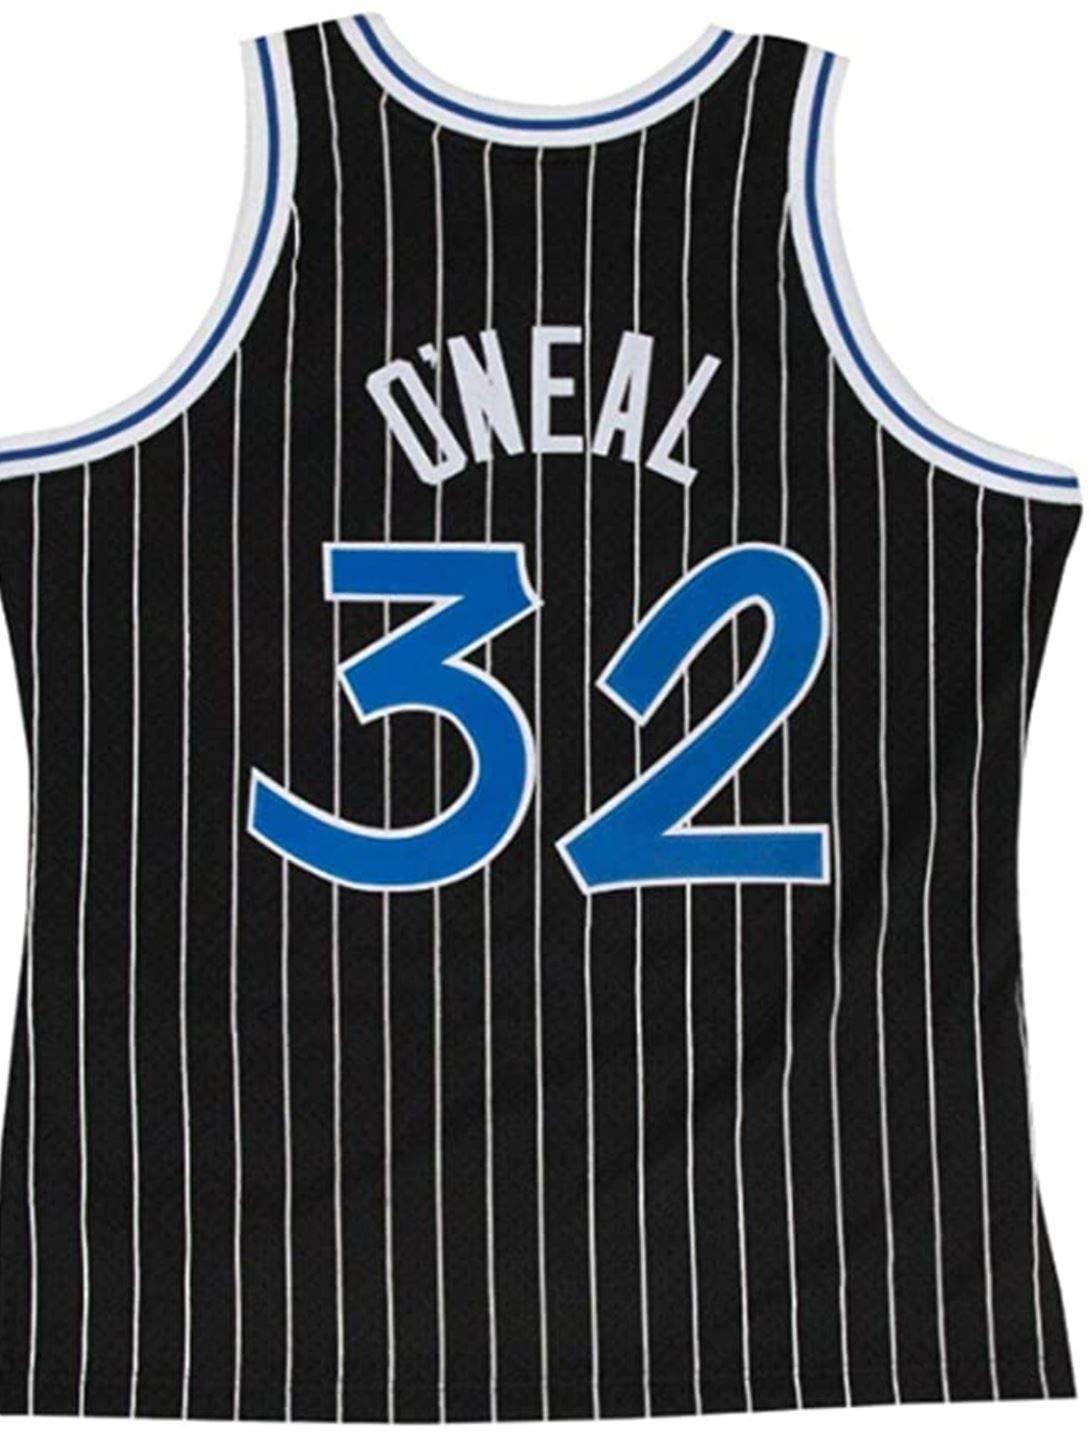 Mitchell & Ness Orlando Magic Shaquille O'Neal 1994 Alternate Swingman Jersey
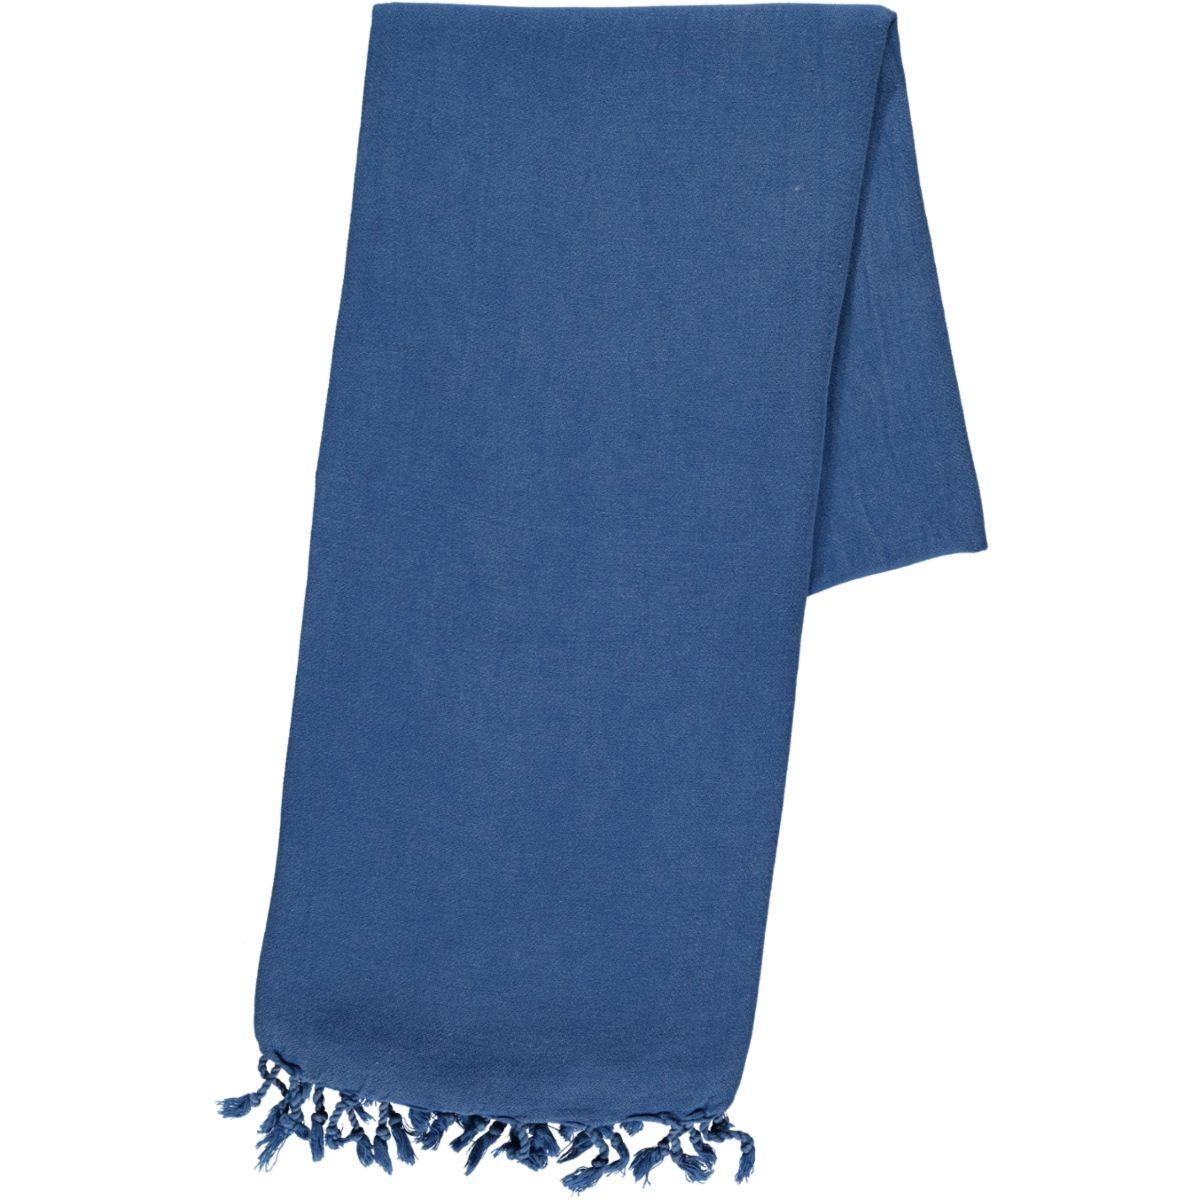 Peştemal Taş Sultan - Royal Mavi
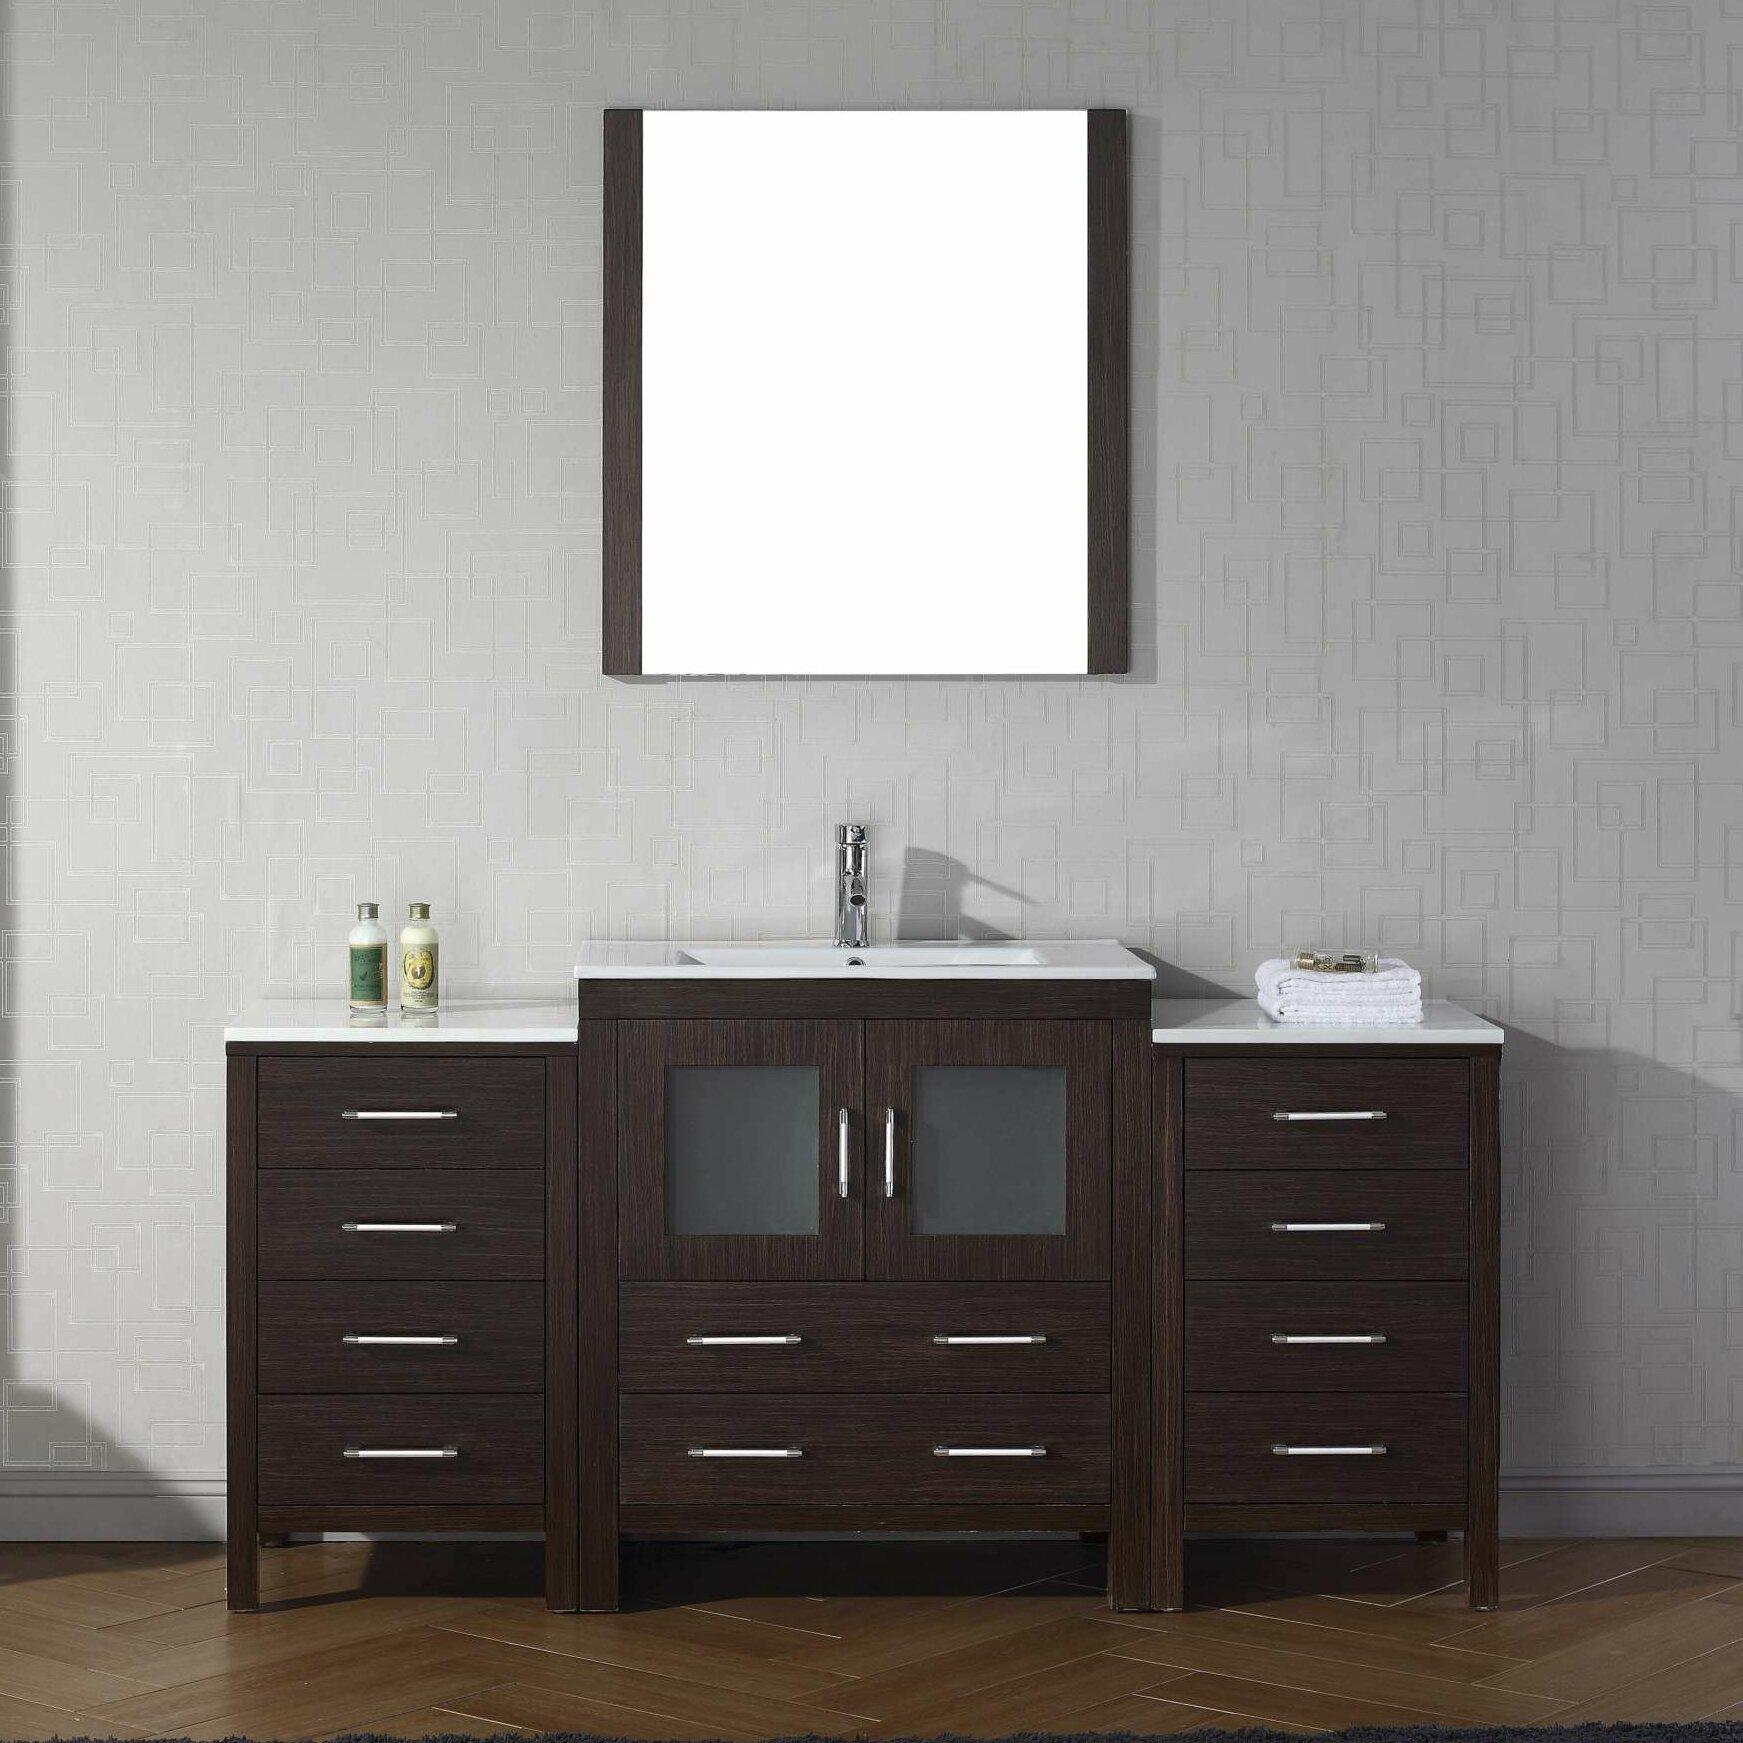 virtu 66 quot single bathroom vanity set with mirror

- - - -

Every line above should be printed again word for word, without its pictures.

- Task solution:
 Mitchell & Ness Orlando Magic Shaquille O'Neal 1994 Alternate Swingman Jersey
 Peştemal Taş Sultan - Royal Mavi
 virtu 66 quot single bathroom vanity set with mirror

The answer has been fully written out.